Are mobile phone apps better at diagnosing diseases than your Doctor?

The JAMA Network recently published a research paper comparing the diagnostic accuracy of a physician and a medical app. Physician error is common; the flow of information is quicker with the advent of mobile phone apps and online symptom checkers. Due to the rise of internet educated patients, people often tend to diagnose themselves.

But the question remains as to how accurate these medical apps truly are?

Similar studies were published to tackle this issue but from a different aspect.  A study published by the Journal of Electro-cardiology compared the accuracy of physicians and computers interpreting ECG graphs. The results were varied as only 13.5% of computer ECG readings (excluding pacemaker) required revision. Nevertheless, the final conclusion of computer diagnosis of paced rhythms remains problematic. Thus, computer-based electrocardiogram rhythm diagnoses remain mandatory by physicians for correct results.

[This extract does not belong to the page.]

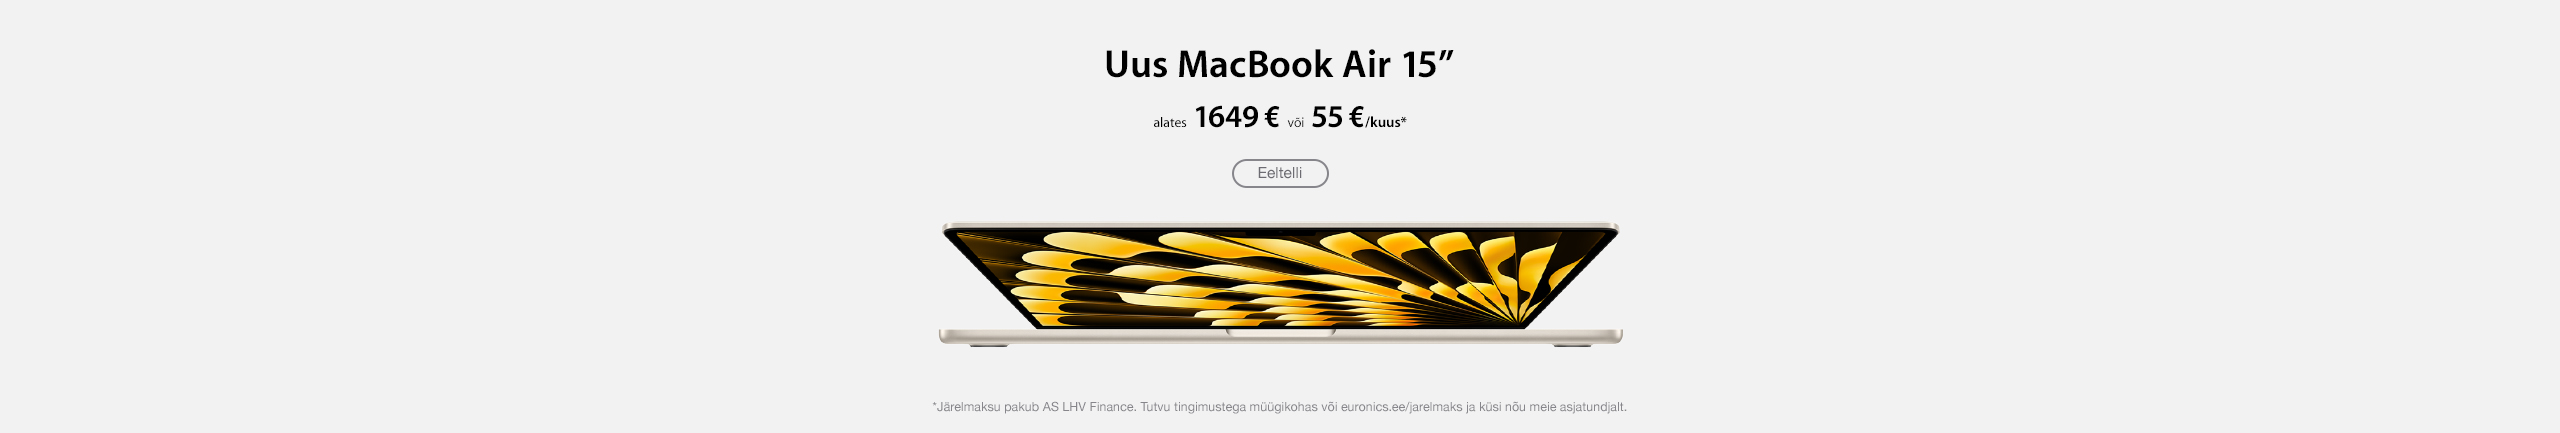 Apple Macbook Air 15"
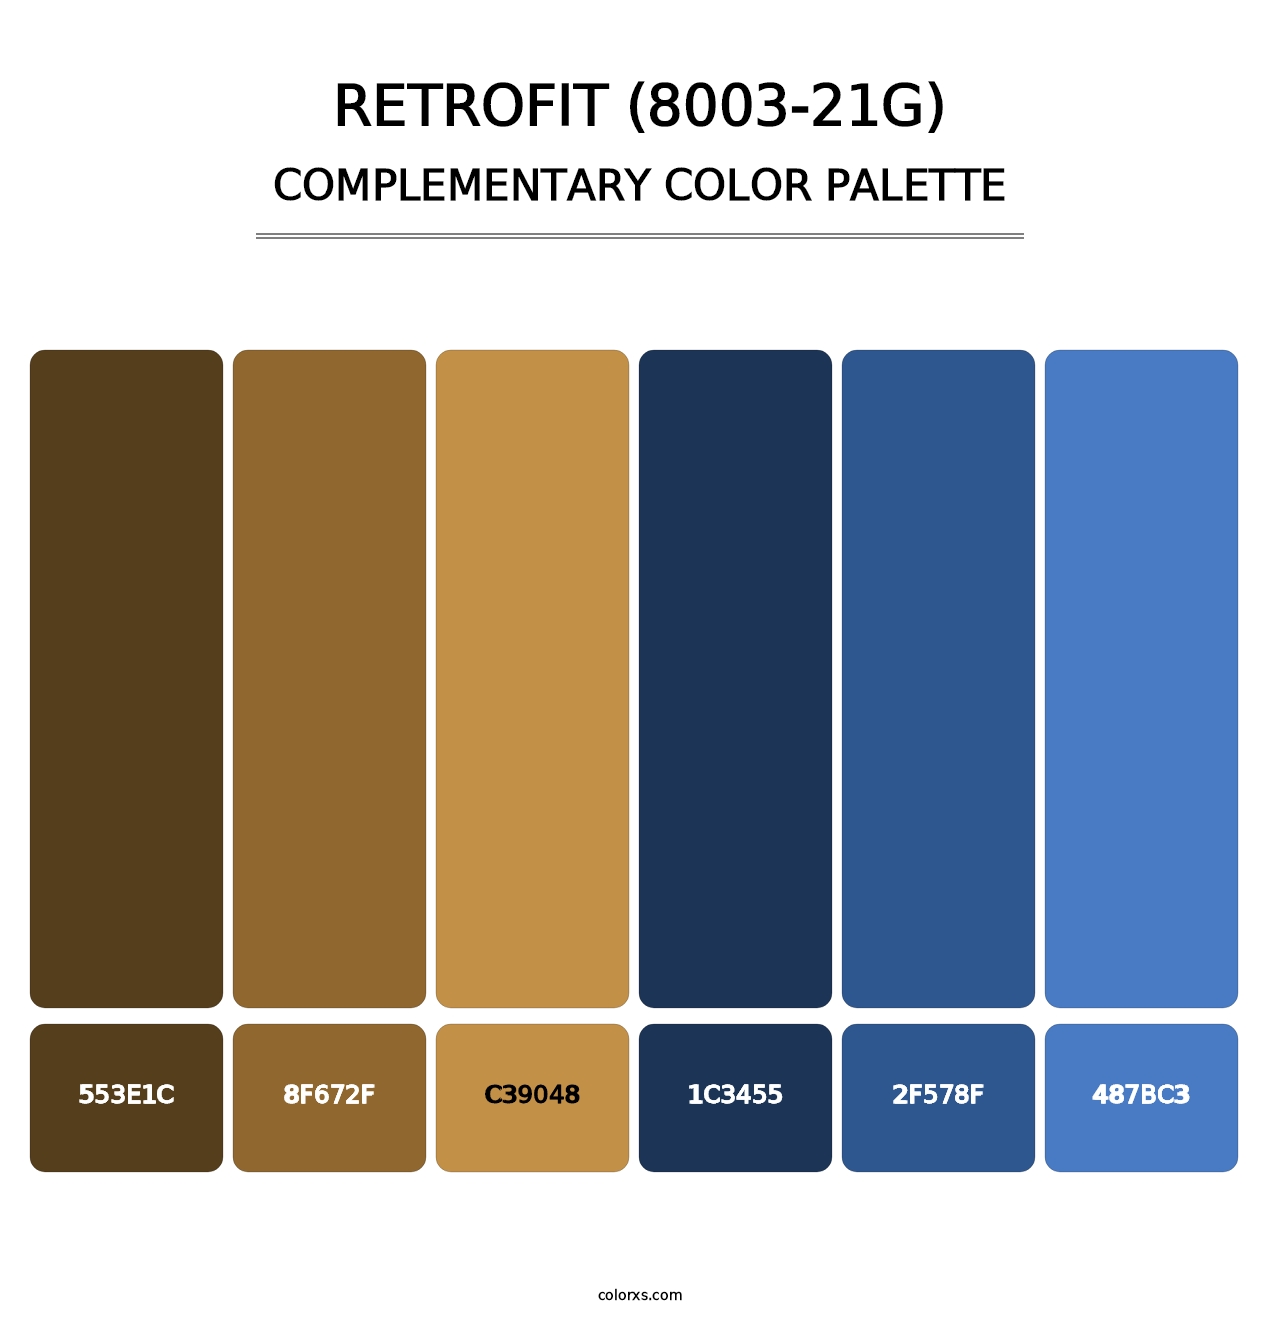 Retrofit (8003-21G) - Complementary Color Palette

The diagnostic accuracy of computers (symptom checker algorithms) vs. physicians is undiscovered. To fill this niche, a small-scale experiment was conducted. The first step was to find out which app proves to be the best. The study compared 23 different symptom checkers and came to the conclusion that Human Dx is the most accurate one amongst all. The experiment used clinical cases which included the patients’ history and symptoms but no physical examinations and lab findings. 45 clinical cases were formed which were then divided into three subsections based on their level of difficulty; easy, medium & hard. 26 cases were common and 19 were uncommon. Afterwards, the physicians were asked to submit free text ranked differential diagnoses for each. Each of the 46 clinical case was solved by 20 physicians. Finally, two external physicians hand-reviewed each of the submitted diagnoses and decided whether the applicant listed the correct diagnosis first or in the top three diagnosis.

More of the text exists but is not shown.